Cosy cats and an Egyptian deity of the underworld – creating the Brompton Cemetery animal app.

Cemeteries are often great places to find wildlife. If you’re lucky you might see a bright little robin or blue tit flitting amongst the memorials as well as foxes, cats  and the odd dog out for a walk with his owner. The beginning of summer also heralds the arrival of insects such as butterflies and grasshoppers.

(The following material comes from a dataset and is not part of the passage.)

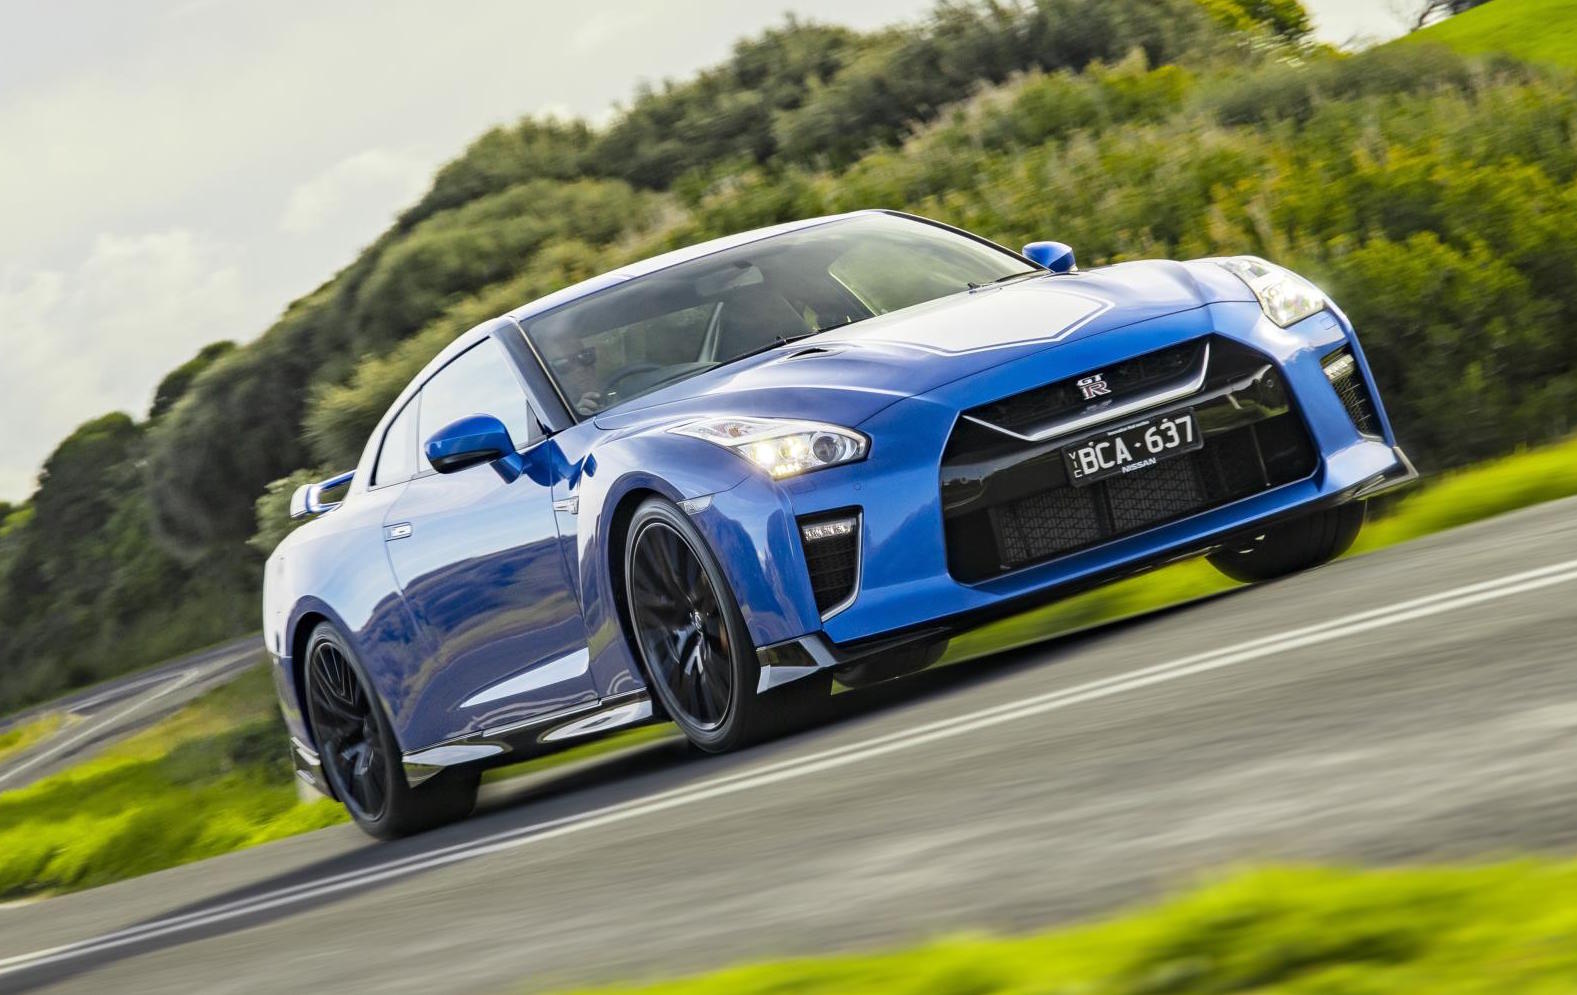 2020 Nissan Gt R Now On Sale In Australia With 50th
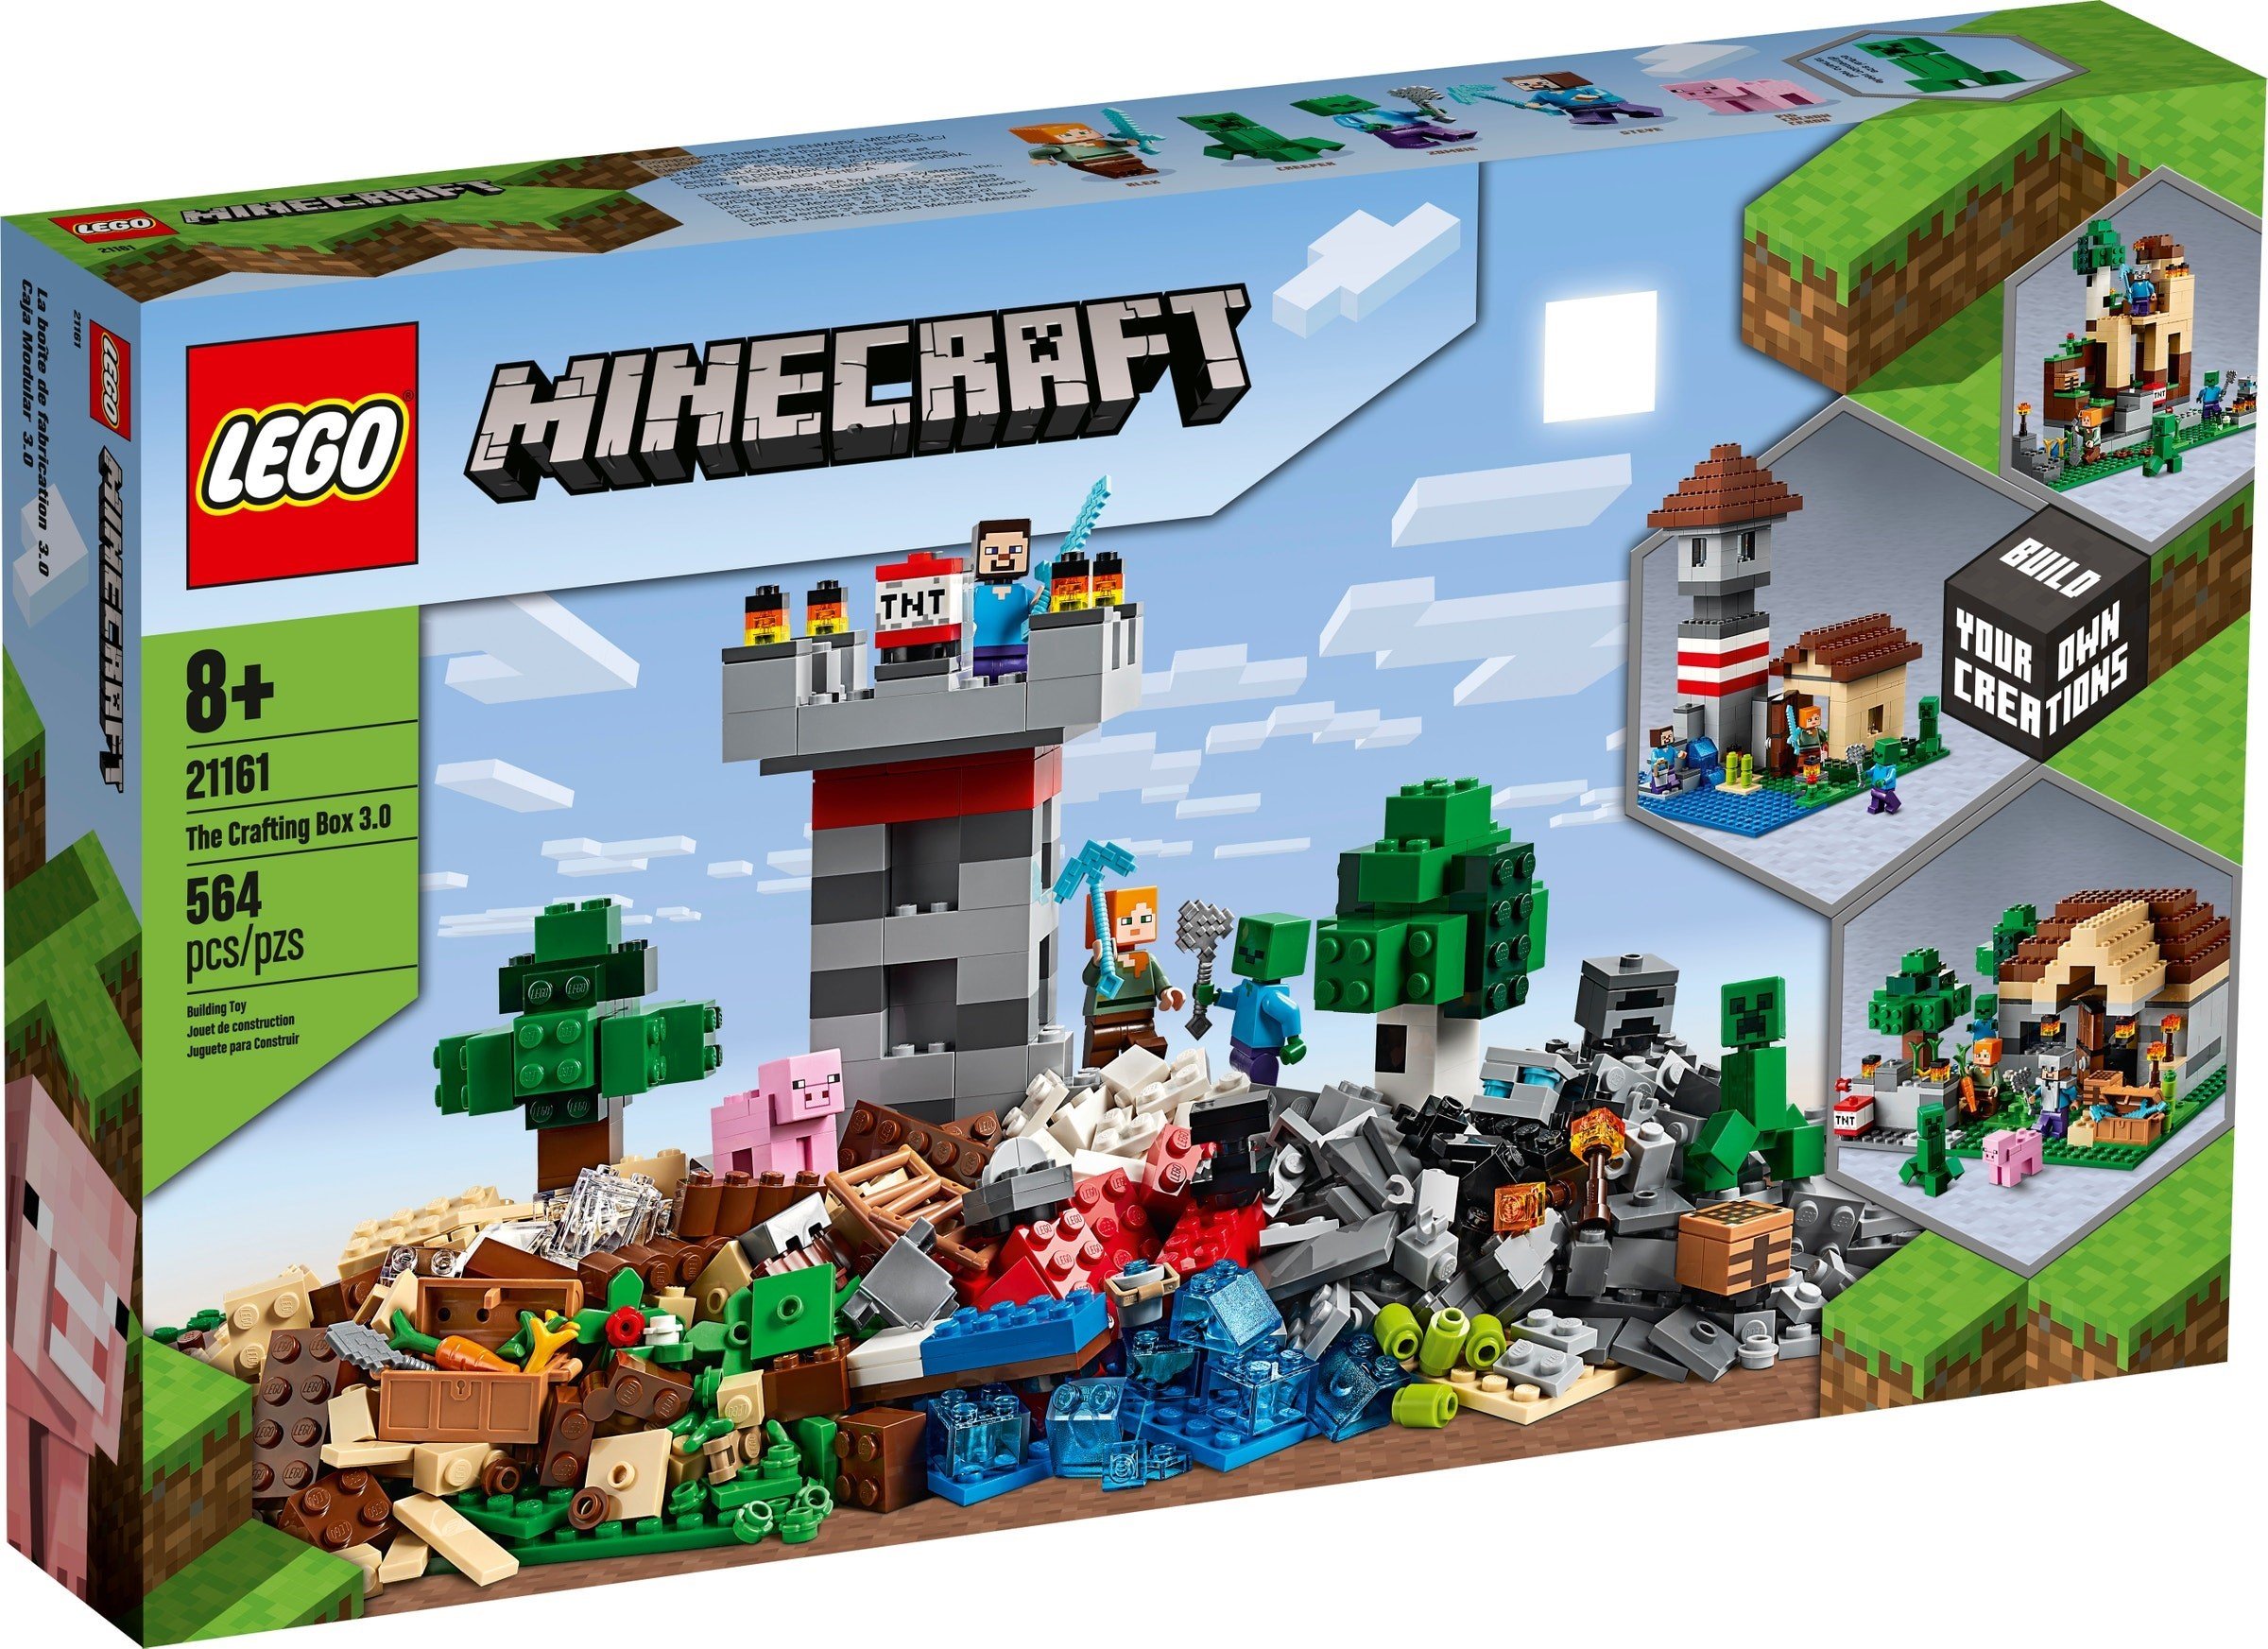 2017 lego sets and lego games

But app designer, Simon Edwards and I, were exploring Brompton Cemetery to find animals of the stone or granite variety either carved or perched onto tombstones.  Simon, a GP by trade, had the same enthusiasm as me and we began near the chapel.

 

The weather couldn’t have been better and my way down to meet Simon I saw a Great Spotted Woodpecker land on a memorial and then take off again before I could get my camera out.   I had a few suggestions as to where we might find some interesting examples and Simon already had some on his phone and so we began.  We also included insects and birds. However once you start looking for carved wildlife it suddenly catches your eye whereas you might not have noticed it before.   The afternoon became a treasure hunt as we found cats, a polar bear, a butterfly and a carving of an Egyptian deity amongst others. If you want to find out how many we found you will have to try the app at: https://ticl.me/West-Brompton/headlines/13317/view

 

However the most popular animal motif was undoubtedly the dove.  They were everywhere – both in 2D and 3D versions whether portrayed flying downwards or perched on a cross until eventually we decided that we were both ‘doved-out’.  Undoubtedly the best ones were the one on Susannah Smellie’s memorial near the chapel and the one on the headstone dedicated to a 6 month old baby near Hannah Courtoy’s  imposing mausoleum.

The app is intended to give you a pleasant way of spending an afternoon exploring the cemetery and finding the graves on which they are and perhaps wondering more about the people who chose them.  Don’t forget to let Simon or me know if you find any that we’ve missed!